When copying the data below, keep only the lines from the one with "How to setup ReactJS on Windows (part II)" through the one with "Christmas Spirit at the Heisen House", word for word, and skip the pictures.

START Given data

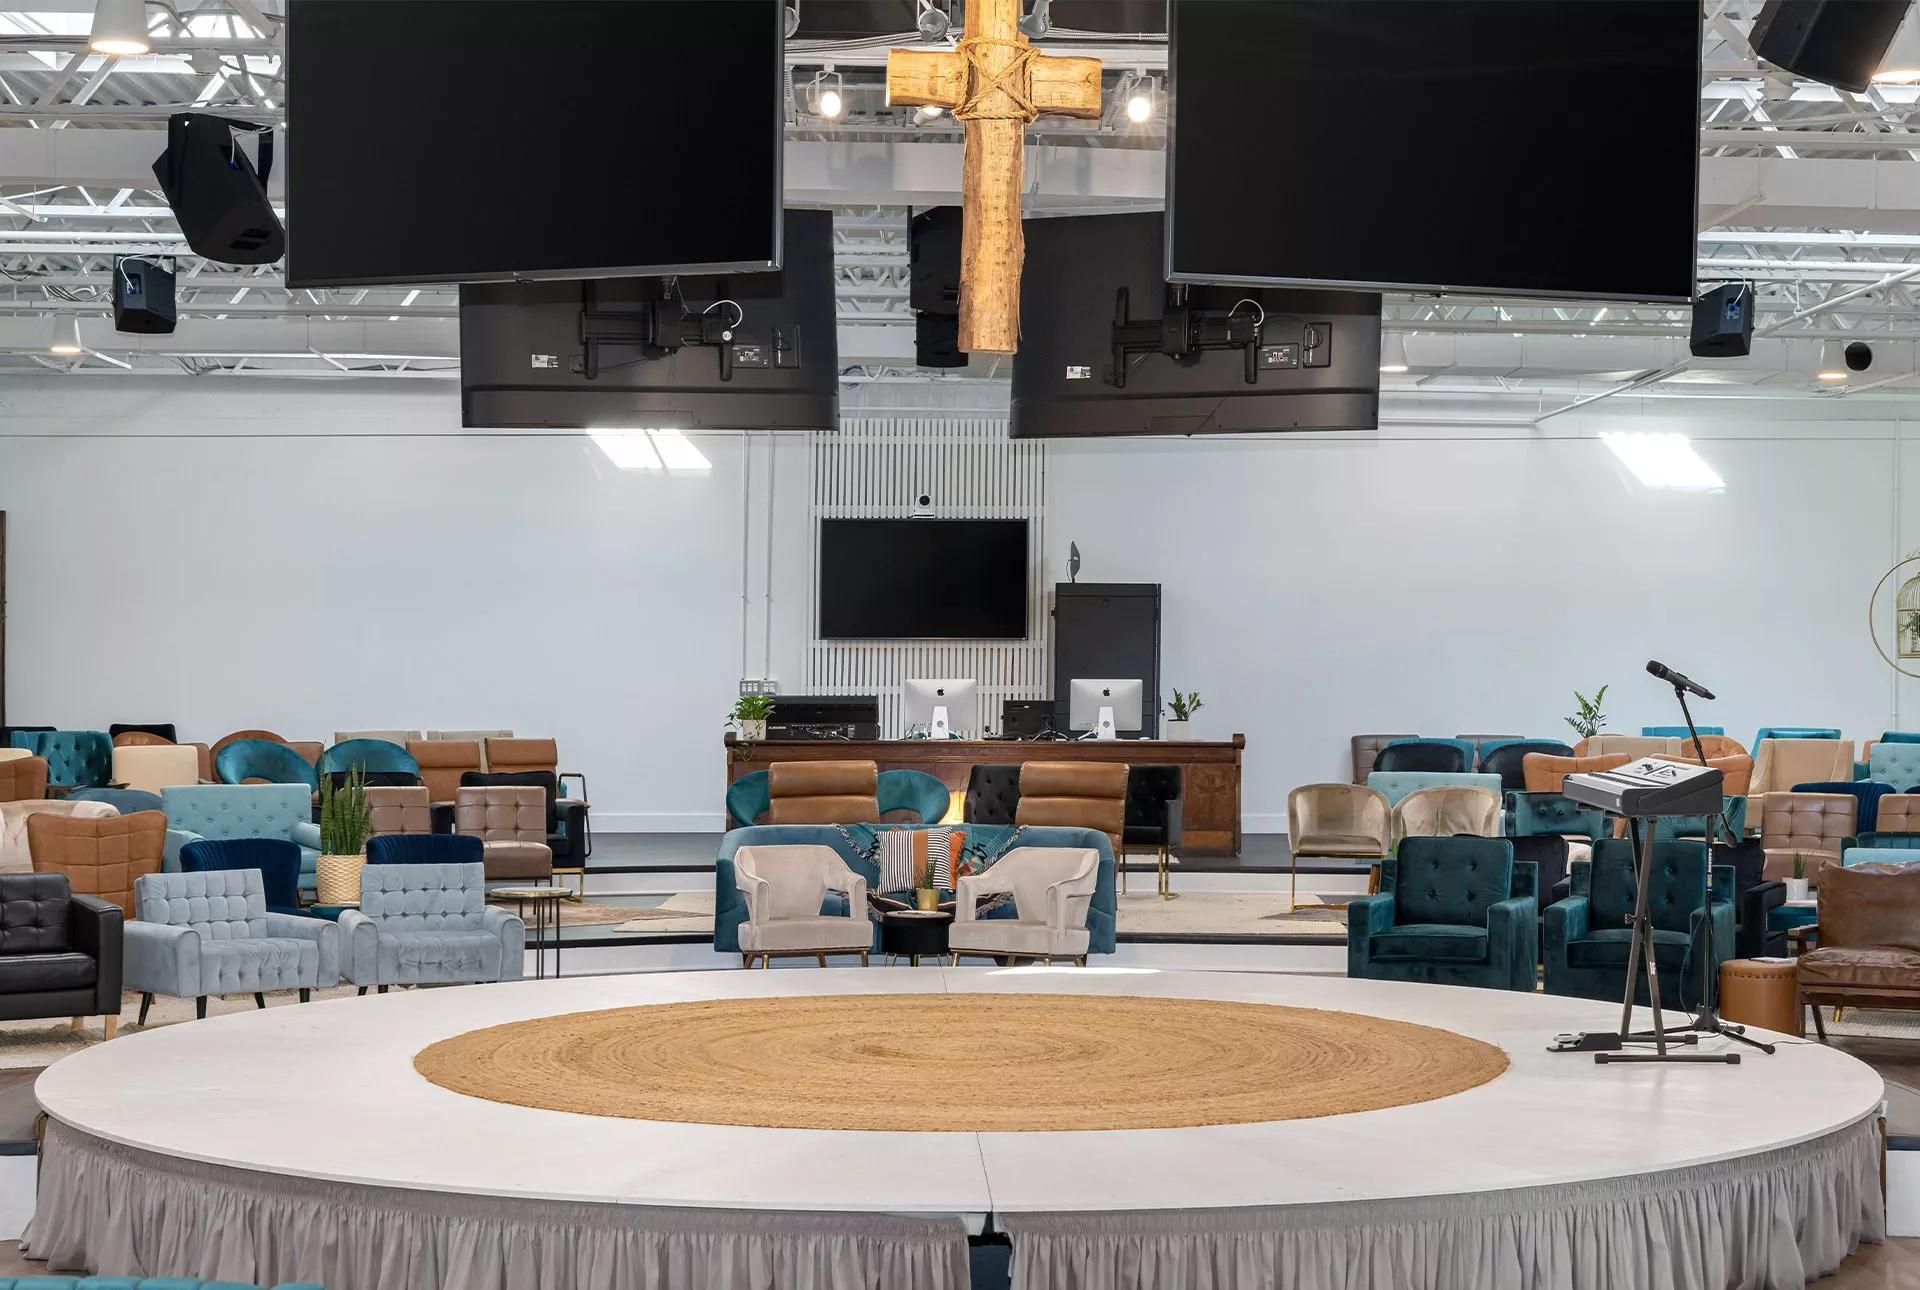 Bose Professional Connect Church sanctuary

END Given data
START Given data

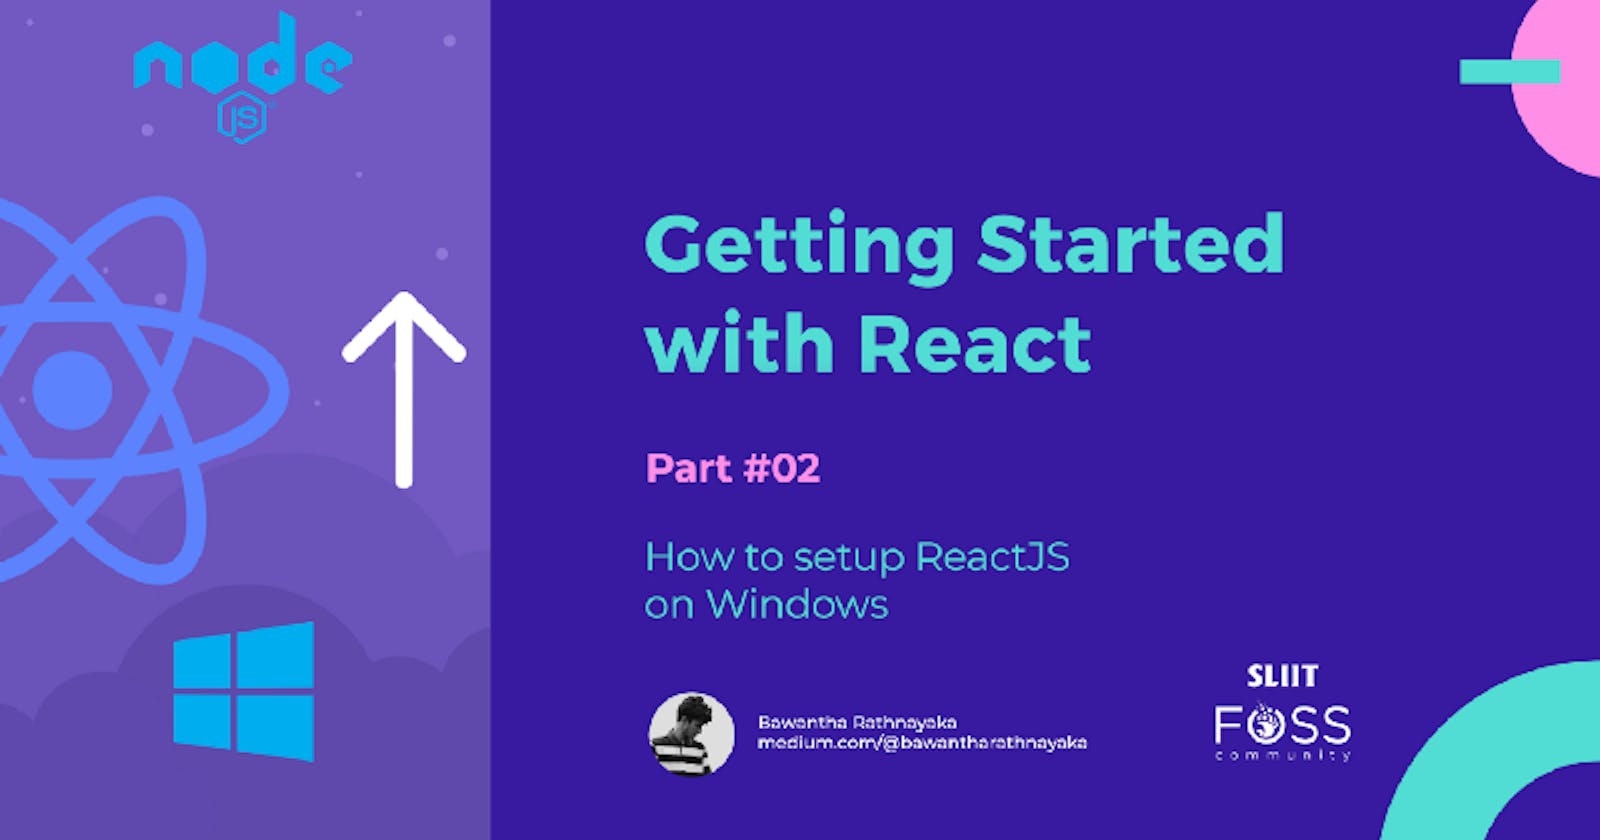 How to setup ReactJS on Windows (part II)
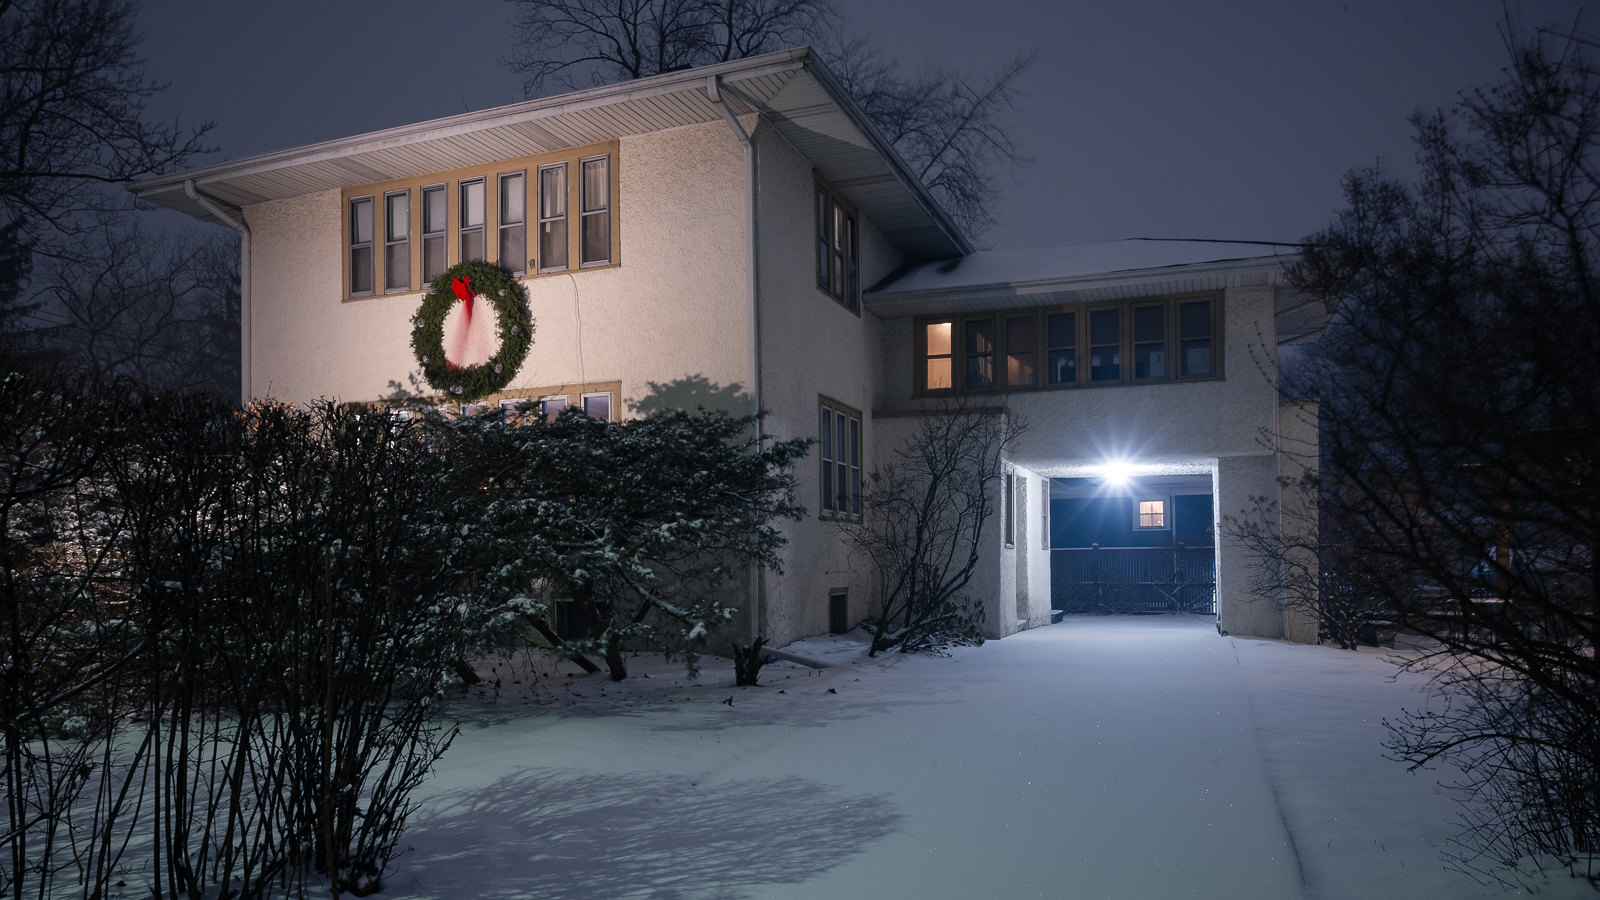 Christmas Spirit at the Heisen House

END Given data

Result of the task:
 How to setup ReactJS on Windows (part II)
 Christmas Spirit at the Heisen House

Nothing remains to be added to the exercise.